29
The hood is ripped from my head, and I stare around. An anonymous room; I could be in any apartment in Venice. Empty flagons are piled in a corner, and the fireplace is stacked with logs, waiting to be lit. The chair I sit on is in the center of the room. There’s no other furniture, barring a low wooden sideboard.
Carina stands behind me, the evil of her presence filling the room. I crane round to try to get a glimpse of her, but the ropes cut into me. She kicks the back legs of my chair, and I nearly tip onto the floor, but she catches the chair and rights it. To my shame, I cry out in fear.
My old enemy laughs. “What a sniveling fool you are,” she says. A corner of her cloak swishes out to one side of me, then I spot the hem of a skirt, and finally she comes to stand before me. The cloak’s hood hides her face, but there’s a dull flash of silver from deep inside its folds.
“Show yourself,” I say, sounding bolder than I feel.
“Gladly.” She tears back the hood. Before me stands the person I thought was dead. Carina, my sister’s oldest friend and the woman who betrayed me. She’s wearing a silver mask, behind which flow red locks of hair. The mask seems to be made of some kind of filigree, light enough to wear, but sparkling with curling threads of silver on which are threaded tiny jewels. How long has she been following me around the city, watching from behind her mask?
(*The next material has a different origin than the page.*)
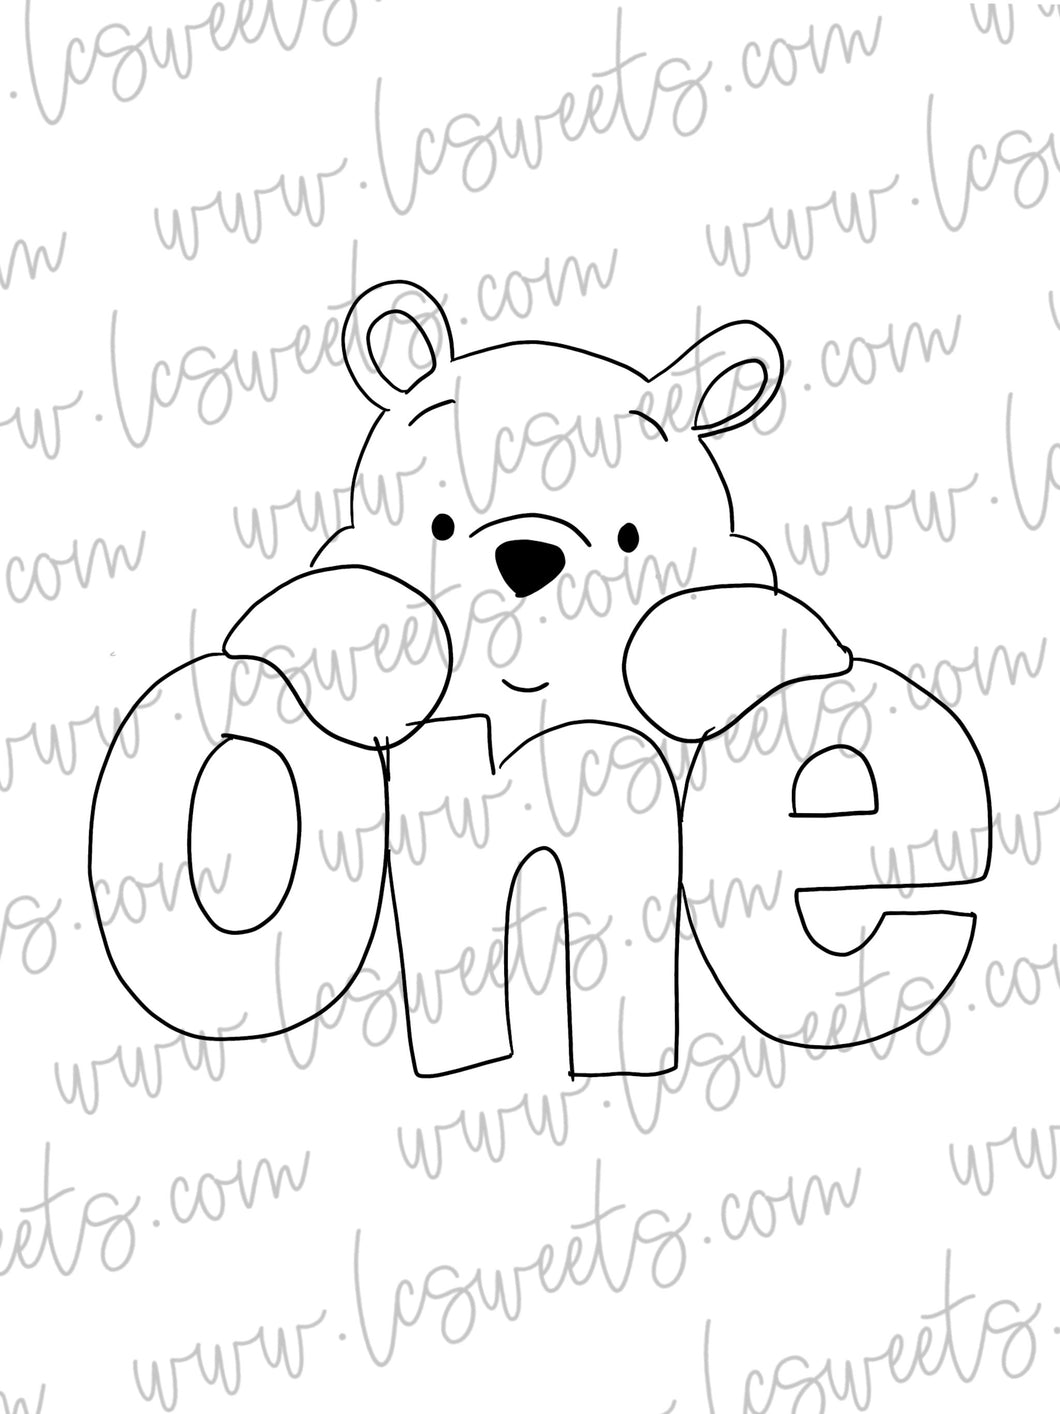 One Bear

“You were in the church, weren’t you?” I ask.
She dips her head in acknowledgment. “You made such a beautiful mourner,” she says, her tone of voice mocking. “Almost worth Nicolo dying, to see you looking so wan and pale.”
My lip curls in disgust.
“What would your father say?” she teases. “To see you like this?” She once asked me the same question when she caught me talking to a lowly painter. That was before I knew he was the Doge’s son, and before I realized how deeply evil ran in Carina’s veins. Now, I know better. She reaches out a gloved hand, and I flinch away. But she doesn’t strike me. Instead, she strokes my cheek gently. “Such beautiful skin,” she says.
“I thought you were dead,” I say.
Carina walks around my chair in a tight circle, her skirts brushing against my legs.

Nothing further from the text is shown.